We want to be absolutely clear that we are not a British colony, the days of the British colonies are over’.
WikiLeaks posted on the same day a statement with regard to the overall situation stating:
‘By midnight, two hours prior to the time of this announcement, the embassy had been surrounded by police, in a menacing show of force. Any transgression against the sanctity of the embassy is a unilateral and shameful act, and a violation of the Vienna Convention, which protects embassies worldwide. This threat is designed to preempt Ecuador’s imminent decision on whether it will grant Julian Assange political asylum, and to bully Ecuador into a decision that is agreeable to the United Kingdom and its allies. WikiLeaks condemns in the strongest possible terms the UK’s resort to intimidation. A threat of this nature is a hostile and extreme act, which is not proportionate to the circumstances and an unprecedented assault on the rights of asylum seekers worldwide. We draw attention to the fact that the United Nations General Assembly has unanimously declared in Resolution 2312 (1967) that "the grant of asylum… is a peaceful and humanitarian act and that, as such, it cannot be regarded as unfriendly by any other State." Pursuant to this resolution, a decision to grant asylum cannot be construed by another State as an unfriendly act. Neither can there be diplomatic consequences for granting asylum. We remind the public that these extraordinary actions are being taken to detain a man who has not been charged with any crime in any country. WikiLeaks joins the Government of Ecuador in urging the UK to resolve this situation according to peaceful norms of conduct.’

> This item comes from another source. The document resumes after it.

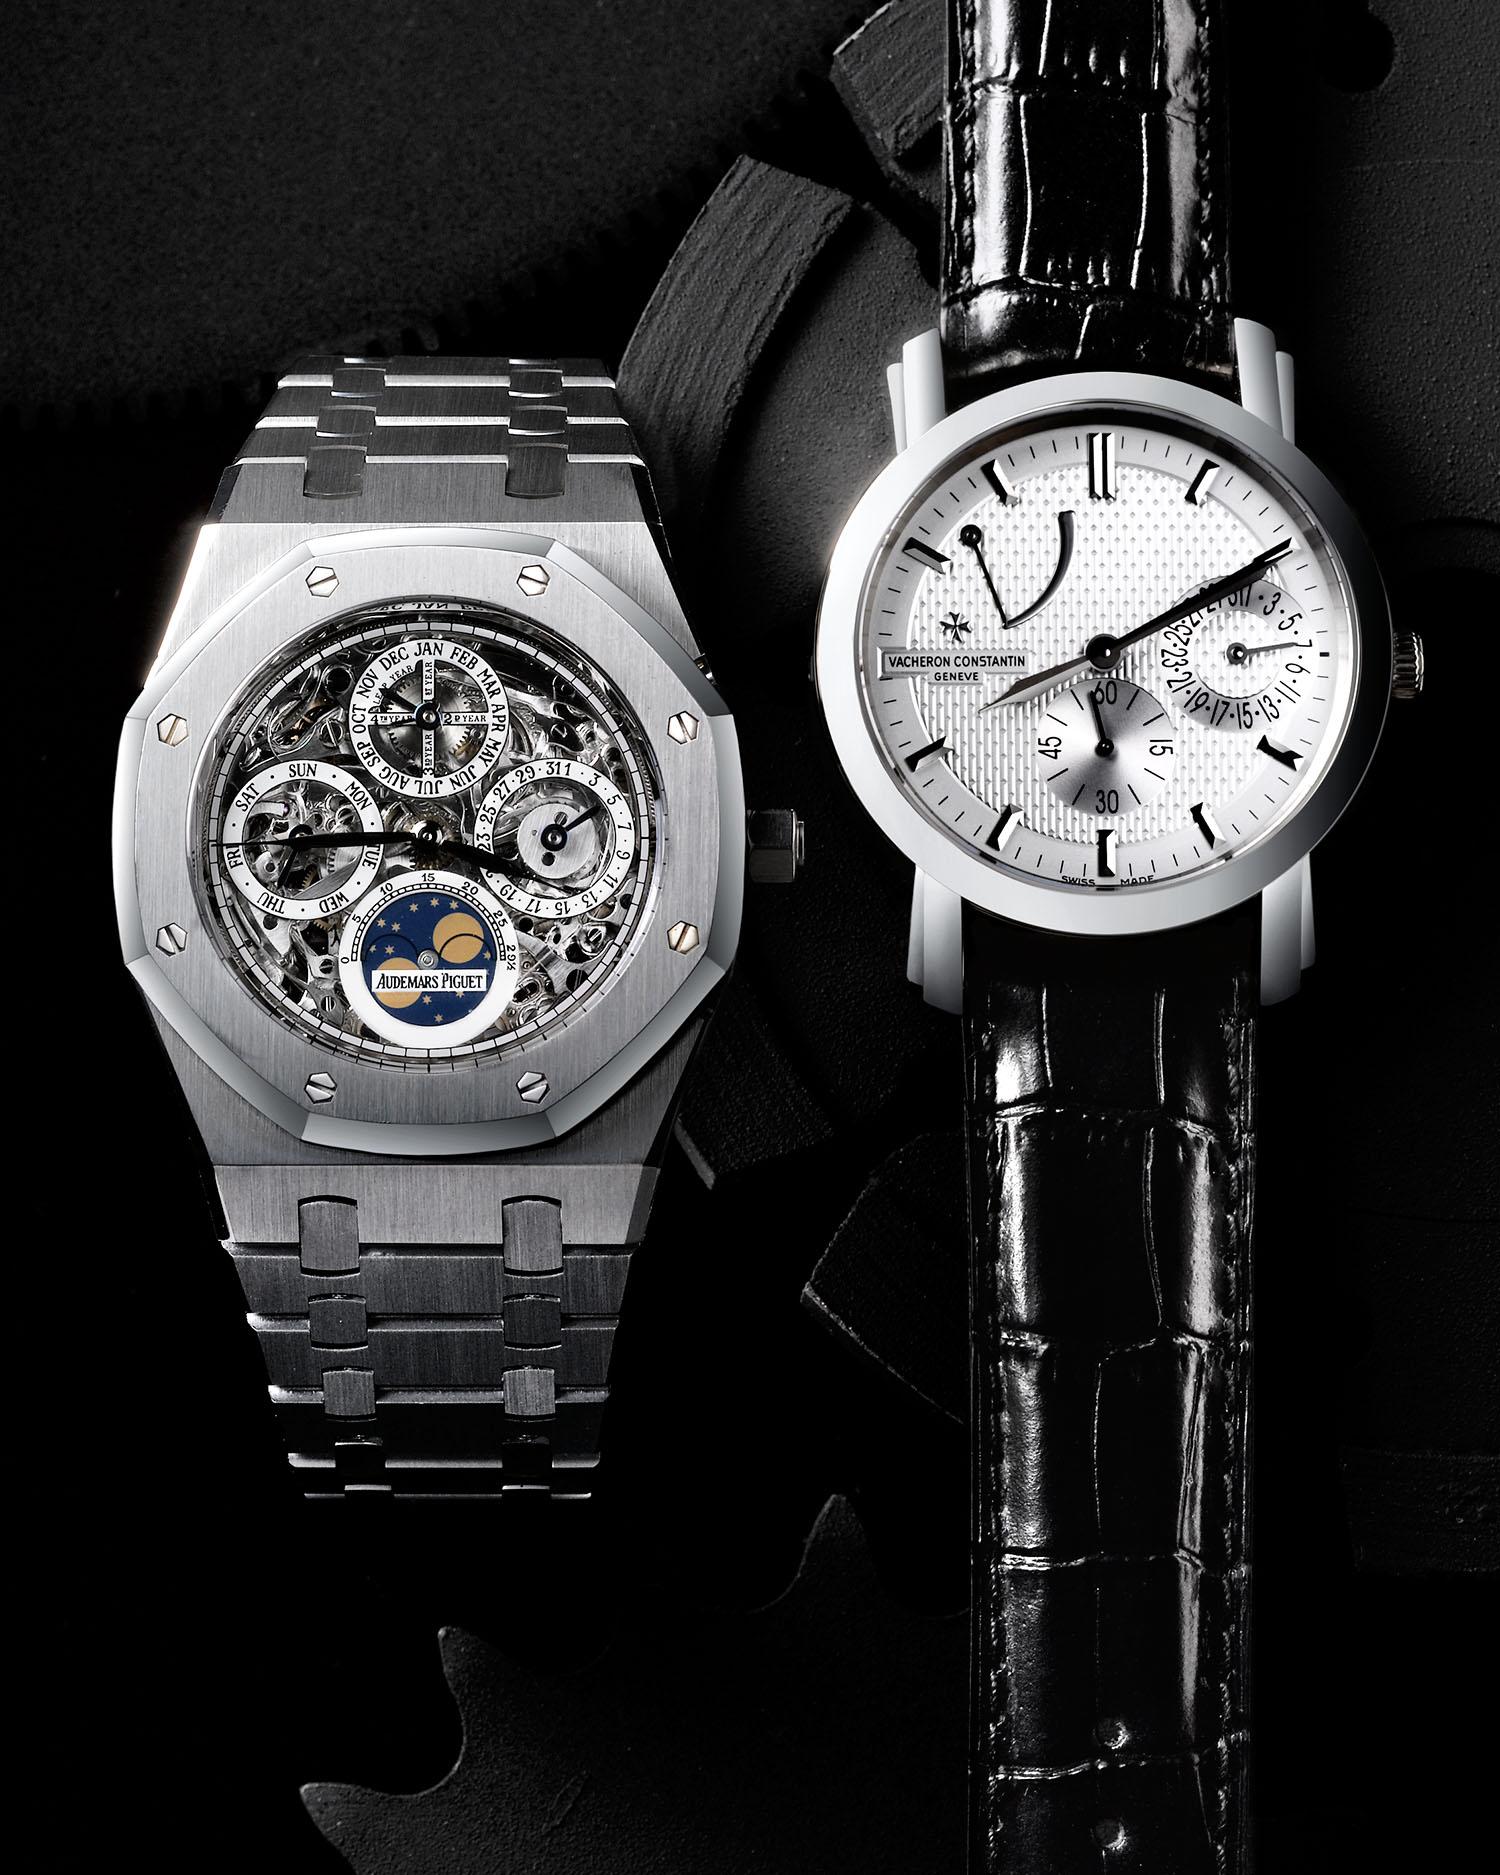 3793_ENTREE_2 Watches_V2.jpg

The public support to Julian Assange is overwhelming; there are various reactions on the ground, people gathered to protest in front of the British embassy in Ecuador and in London.
Online, twitter is crowded with hash tagged #Assange tweets. #tnAssange is the hash tag used in Tunisia. In response to the UK’s threat to raid the embassy, Nawaat, Tunisian leading collective blog tweeted:
Ecuador’s involvement in Assange’s case puts additional pressure on his situation. This is a case to be followed with interest involving each of Ecuador, Sweden and the UK where their diplomacies are manipulated by the hidden influence of the US.